Researchers Examine Relationships Between HIV And Poverty, Food Security In Separate Studies

Foreign Policy reports on “a recent study by Ashley Fox of the Mount Sinai School of Medicine [that] compares rates of HIV infection across 170 regions in 16 sub-Saharan African countries.” Fox “found that in the poorest regions, it was richer people who were more likely to be infected with HIV, while in wealthier regions, the poor were more at risk,” the magazine writes, adding, “The reason, she argues, is that AIDS acts more like a chronic condition, such as obesity, than the infectious disease it is.” “In the three decades since it was identified, AIDS has gone through a remarkable socioeconomic mutation, from a condition closely identified with gay men in urban areas of the United States to one synonymous with poverty in the developing world,” Foreign Policy continues, adding, “Fox’s data suggest that despite more than 30 million deaths over the past 30-odd years, it’s still a disease we don’t understand very well” (Keating, November 2012).
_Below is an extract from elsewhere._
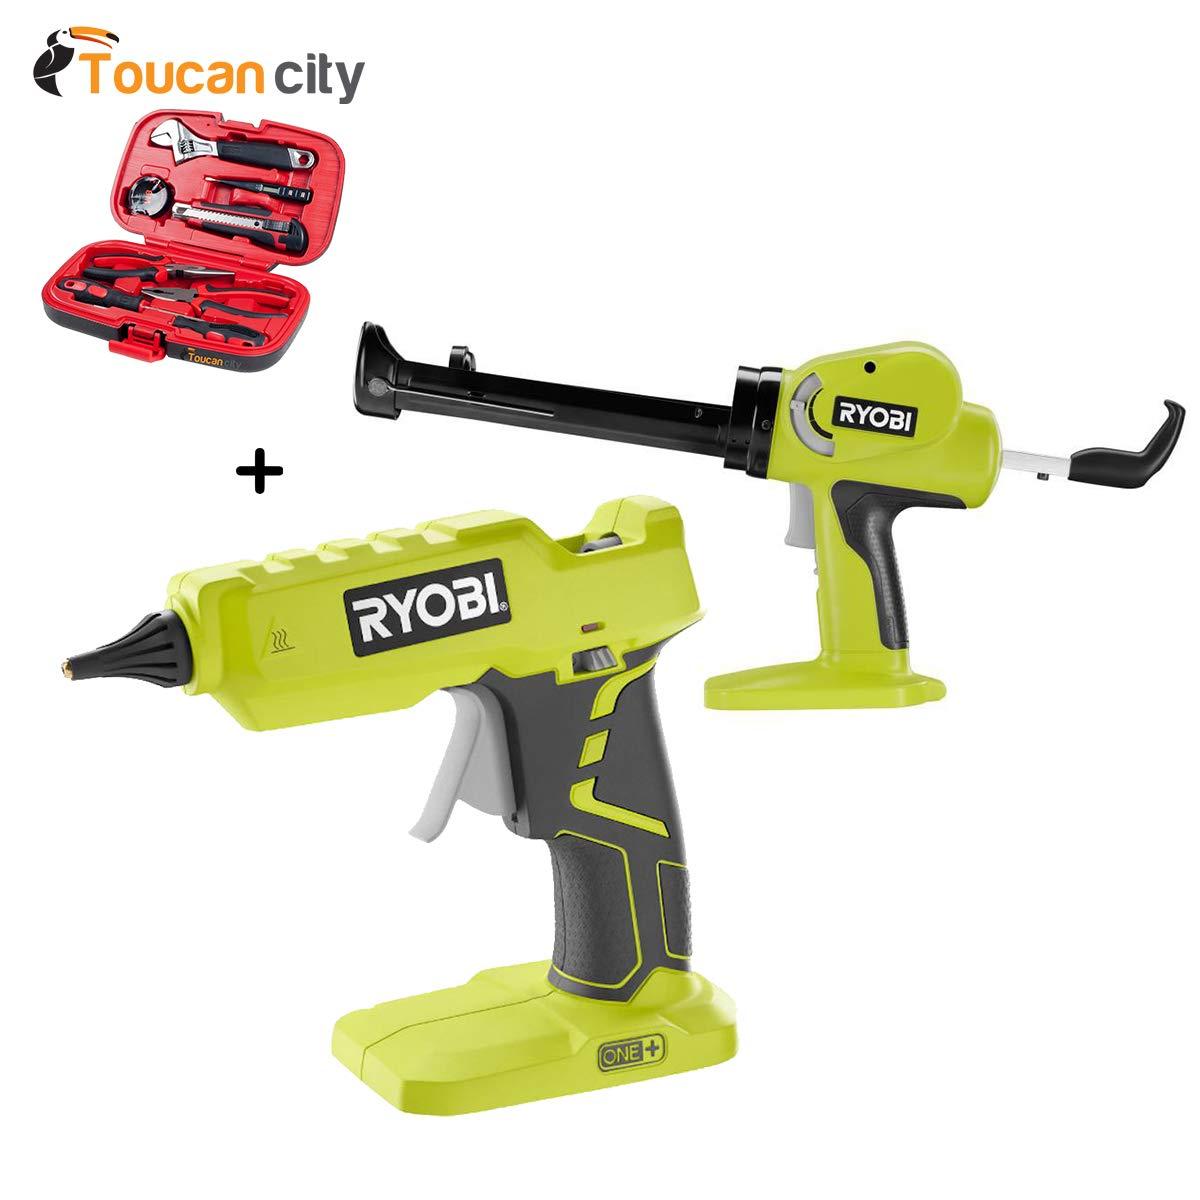 Toucan City Tool Kit (9-Piece) and RYOBI Full Size Glue Gun (Tool-Only) with 3 General Purpose Glue Sticks with RYOBI Power Caulk and Adhesive Gun (Tool Only) P305+P310G

Another study on HIV and the poverty-related issue of hunger, led by Sheri Weiser, an assistant professor of medicine at the HIV/AIDS Division at San Francisco General Hospital and Trauma Center, and David Bangsberg, director of the Center for Global Health at Massachusetts General Hospital, “says Africa suffers from a co-epidemic of HIV/AIDS and food insecurity,” VOA News reports, noting, “Researchers say treatment and better nutrition go hand-in-hand in controlling the epidemic.” According to the news service, “A person infected by HIV is further weakened by poor nutrition,” and “[t]he cycle continues when people get sicker and they are unable to find a job to buy food.” Bangsberg and Weiser “warn … that the dual issue of HIV and food insecurity is not just an African problem,” VOA writes, noting they “are sharing their findings with U.N. humanitarian agencies and officials from PEPFAR” (DeCapua, 10/5).